The non-oil sector in Kuwait witnessed solid growth in the first quarter with the non-oil GDP bouncing back with a strong 4.7% year-on-year increase after a 2.3% fall in the previous quarter, according to a report by National Bank of Kuwait.

The improvement was driven by strong growth in the manufacturing sector (including oil refining), which rose 20% versus -9% in Q4 23, boosted by a base effect due to weakness a year earlier.

Marked growth improvements in retail and ‘other services’ (mostly real estate and business services) also helped, satted the country's top bank in its report citing provisional CSB data.

Major volatility in the GDP data in recent quarters makes an assessment of the underlying trend difficult, it stated.

In its report, NBK said there was scope for the provisional full-year 2023 non-oil growth figure of -2.9% to be revised higher.

"But at the same time, performance at the start of 2024 is well above our full-year forecast of around 2.5% and if it persists, would put Kuwait at or near the top of the GCC growth league this year," it stated.

"We do note however that the S&P Global PMI gauge for Kuwait has drifted slightly higher so far this year, providing some corroboration of better economic conditions.
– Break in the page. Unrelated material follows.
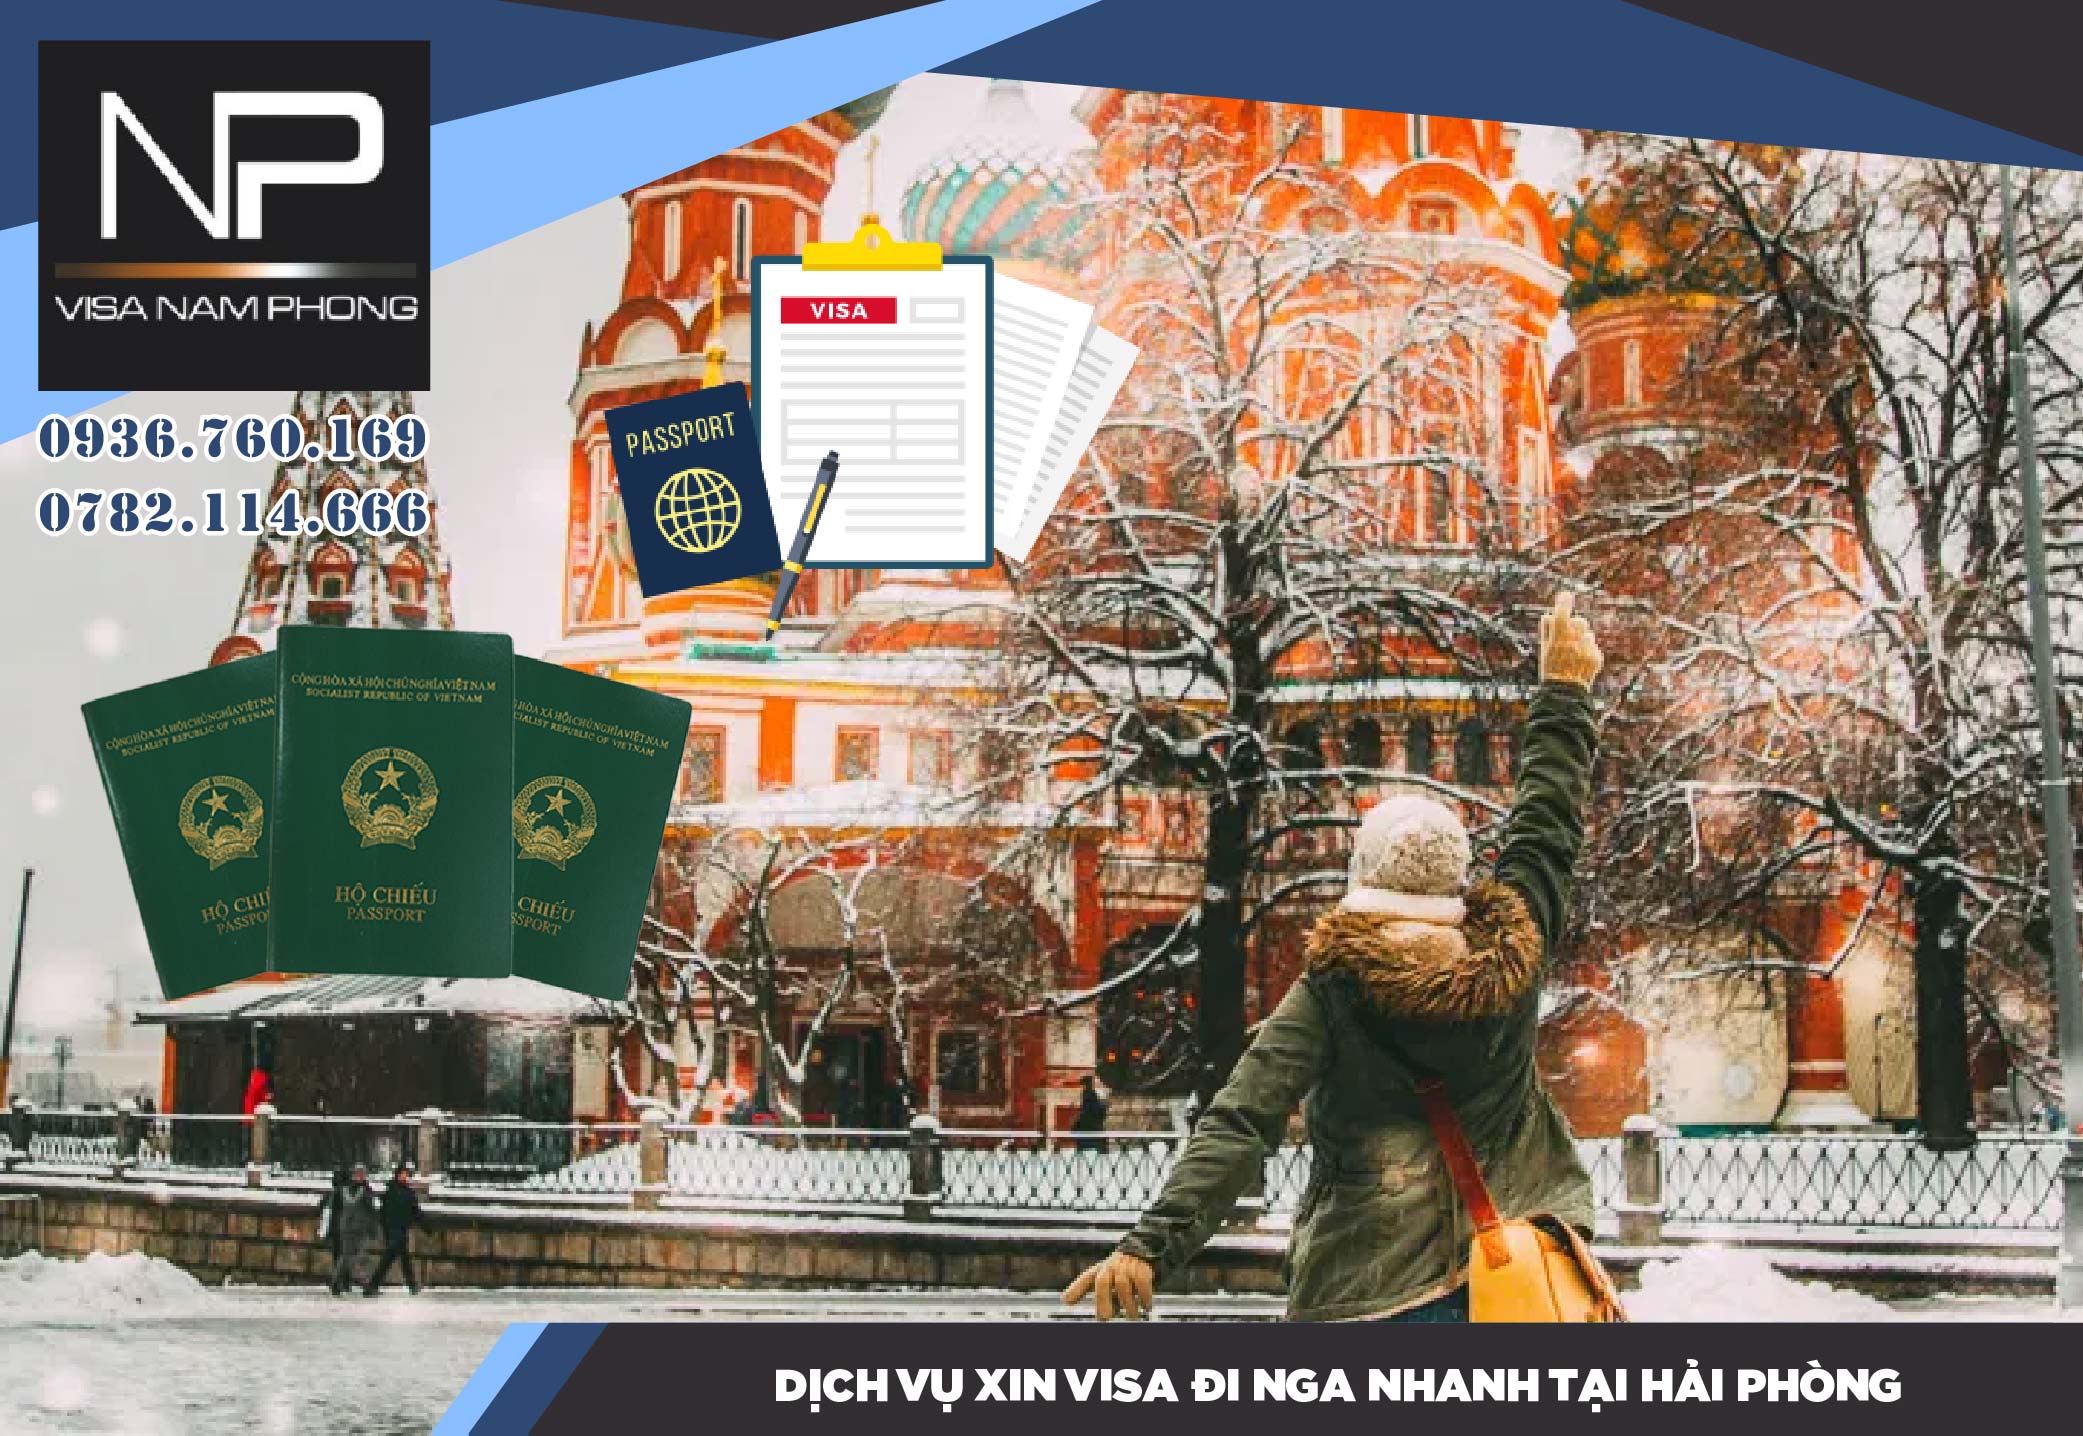 DỊch vụ xin visa đi Nga nhanh tại Hải Phòng

Other indicators such as credit growth, project awards and real estate activity have also picked up slightly" said the country's top bank in the report.

Oil sector GDP meanwhile registered a steep decline of -9.8% y/y in Q1 (Q4 23 -6.4%) reflecting Opec-led supply cuts that pushed Kuwait’s crude production down to 2.41 mb/d through the quarter. Overall GDP growth stood at -2.7% y/y, better than -4.4% in the previous quarter, it added.